Pathologic changes (degeneration/atrophy) were observed in the retinas of albino rats in the 2-year carcinogenicity study with citalopram. There was an increase in both incidence and severity of retinal pathology in both male and female rats receiving 80 mg/kg/day (13 times the maximum recommended daily human dose of 60 mg on a mg/m 2 basis). Similar findings were not present in rats receiving 24 mg/kg/day for two years, in mice treated for 18 months at doses up to 240 mg/kg/day, or in dogs treated for one year at doses up to 20 mg/kg/day (4, 20, and 10 times, respectively, the maximum recommended daily human dose on a mg/m 2 basis).

Additional studies to investigate the mechanism for this pathology have not been performed, and the potential significance of this effect in humans has not been established.

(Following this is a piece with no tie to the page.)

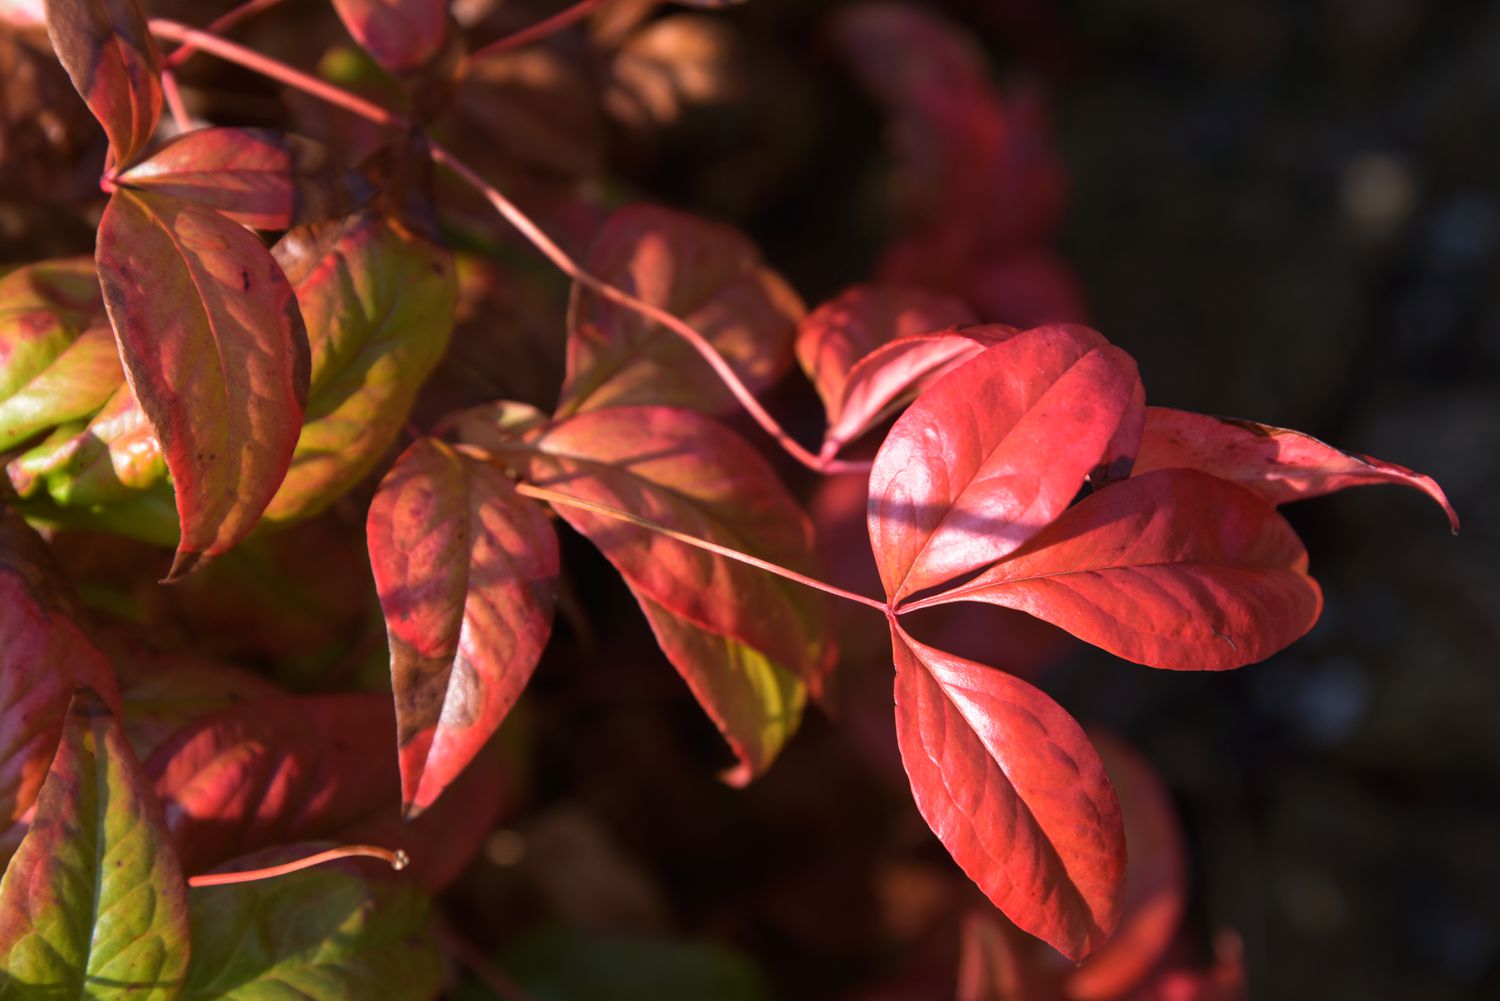 Firepower Nandina mit roten Blättern im Sonnenlicht in Nahaufnahme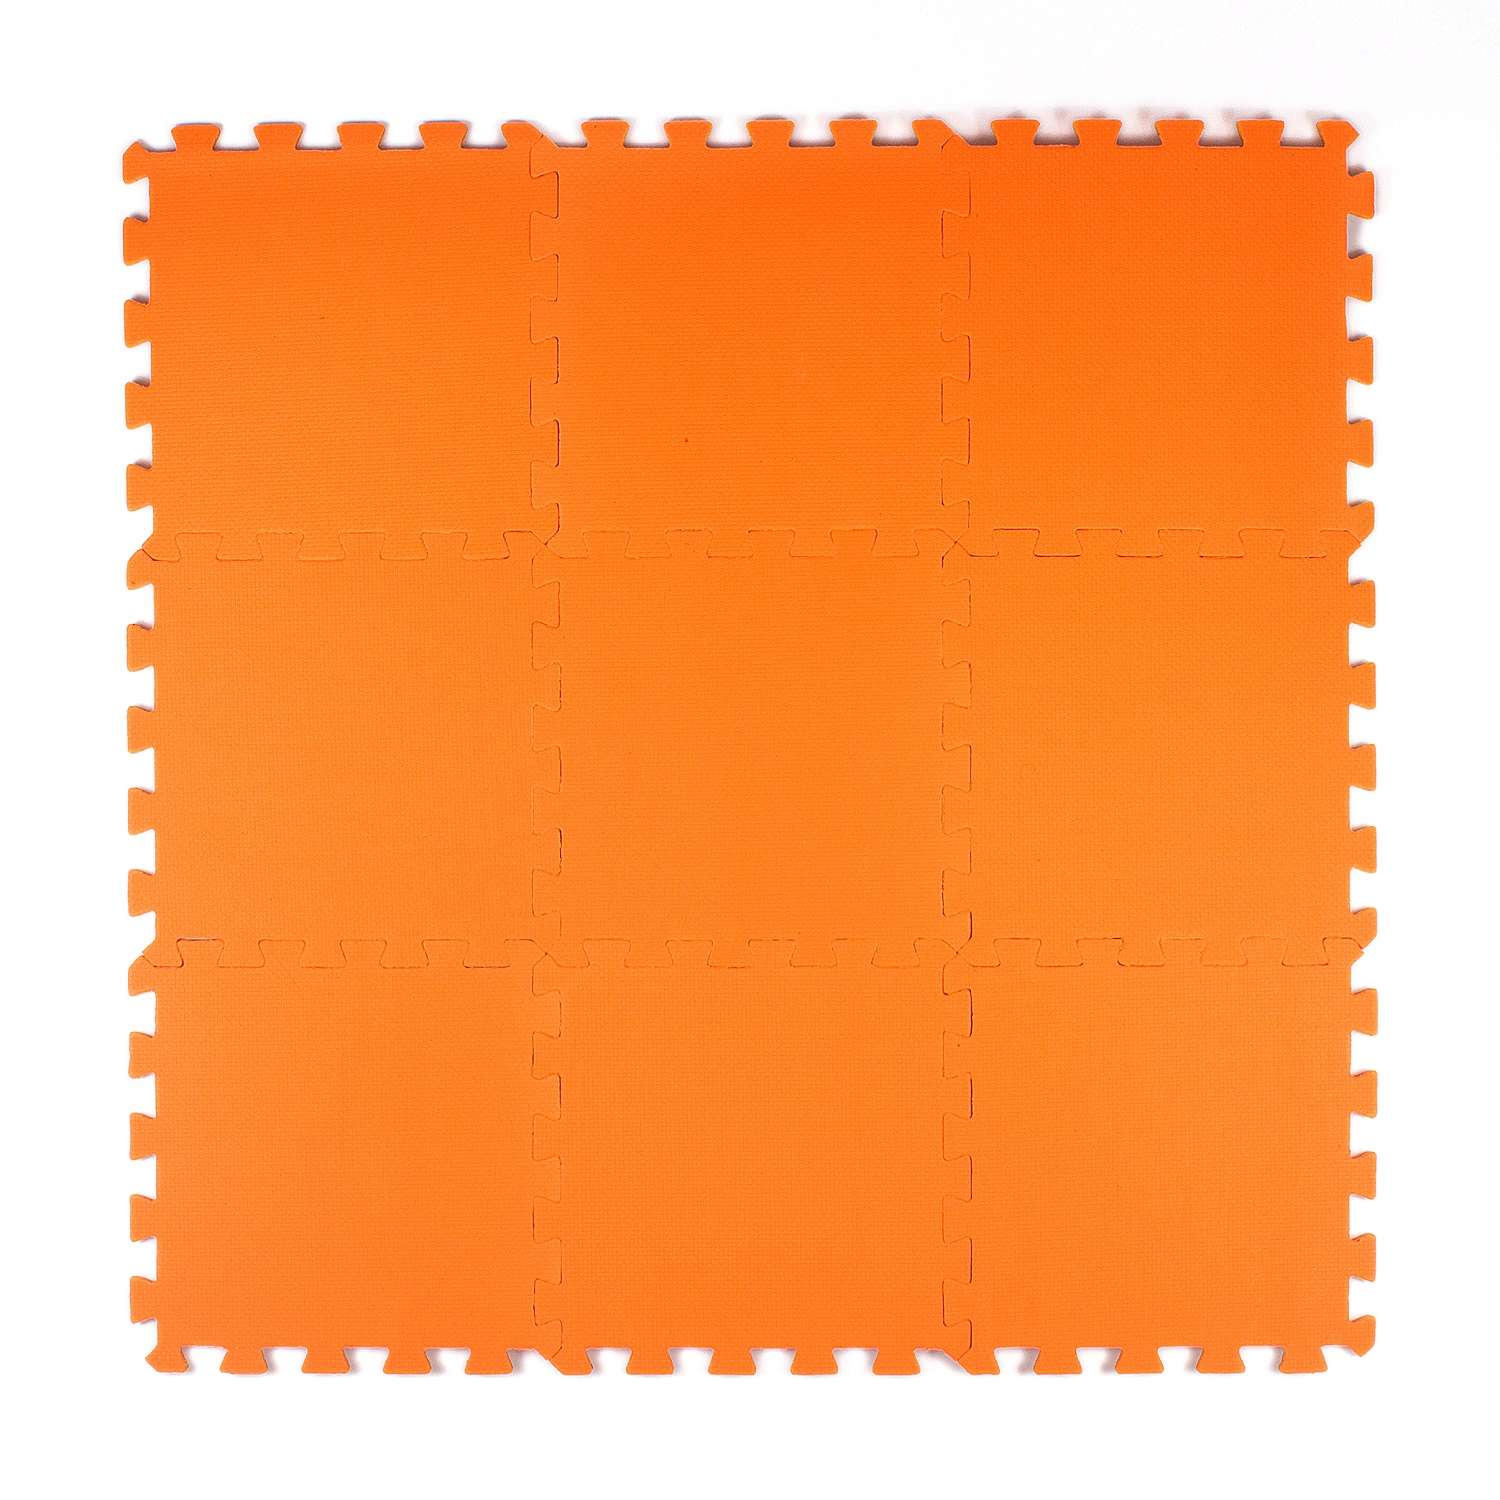 Развивающий детский коврик Eco cover игровой мягкий пол для ползания оранжевый 33х33 - фото 1

Cardiovascular Changes in Dogs

In a one-year toxicology study, 5 of 10 beagle dogs receiving oral doses of 8 mg/kg/day (4 times the maximum recommended daily human dose of 60 mg on a mg/m 2 basis) died suddenly between weeks 17 and 31 following initiation of treatment. Although appropriate data from that study are not available to directly compare plasma levels of citalopram (CT) and its metabolites, demethylcitalopram (DCT) and didemethylcitalopram (DDCT), to levels that have been achieved in humans, pharmacokinetic data indicate that the relative dog-to-human exposure was greater for the metabolites than for citalopram. Sudden deaths were not observed in rats at doses up to 120 mg/kg/day, which produced plasma levels of CT, DCT, and DDCT similar to those observed in dogs at doses of 8 mg/kg/day. A subsequent intravenous dosing study demonstrated that in beagle dogs, DDCT caused QT prolongation, a known risk factor for the observed outcome in dogs. This effect occurred in dogs at doses producing peak DDCT plasma levels of 810 to 3250 nM (39 to 155 times the mean steady state DDCT plasma level measured at the maximum recommended human daily dose of 60 mg). In dogs, peak DDCT plasma concentrations are approximately equal to peak CT plasma concentrations, whereas in humans, steady state DDCT plasma concentrations are less than 10% of steady state CT plasma concentrations. Assays of DDCT plasma concentrations in 2020 citalopram-treated individuals demonstrated that DDCT levels rarely exceeded 70 nM; the highest measured level of DDCT in human overdose was 138 nM. While DDCT is ordinarily present in humans at lower levels than in dogs, it is unknown whether there are individuals who may achieve higher DDCT levels. The possibility that DCT, a principal metabolite in humans, may prolong the QT interval in dogs has not been directly examined because DCT is rapidly converted to DDCT in that species.

PACKAGING INFORMATION

American Health Packaging unit dose blisters (see How Supplied section) contain drug product from Aurobindo Pharma USA, Inc. as follows:
(10 mg / 100 UD) NDC 68084-737-01 packaged from NDC 65862-005
(20 mg / 100 UD) NDC 68084-744-01 packaged from NDC 65862-006

Distributed by:
American Health Packaging
Columbus, OH 43217

8273701/0120

Medication Guide

8273701/0120

Citalopram Tablets, USP
(sye tal’ oh pram)

Read the Medication Guide that comes with citalopram tablets before you start taking them and each time you get a refill. There may be new information. This Medication Guide does not take the place of talking to your healthcare provider about your medical condition or treatment. Talk with your healthcare provider if there is something you do not understand or want to learn more about.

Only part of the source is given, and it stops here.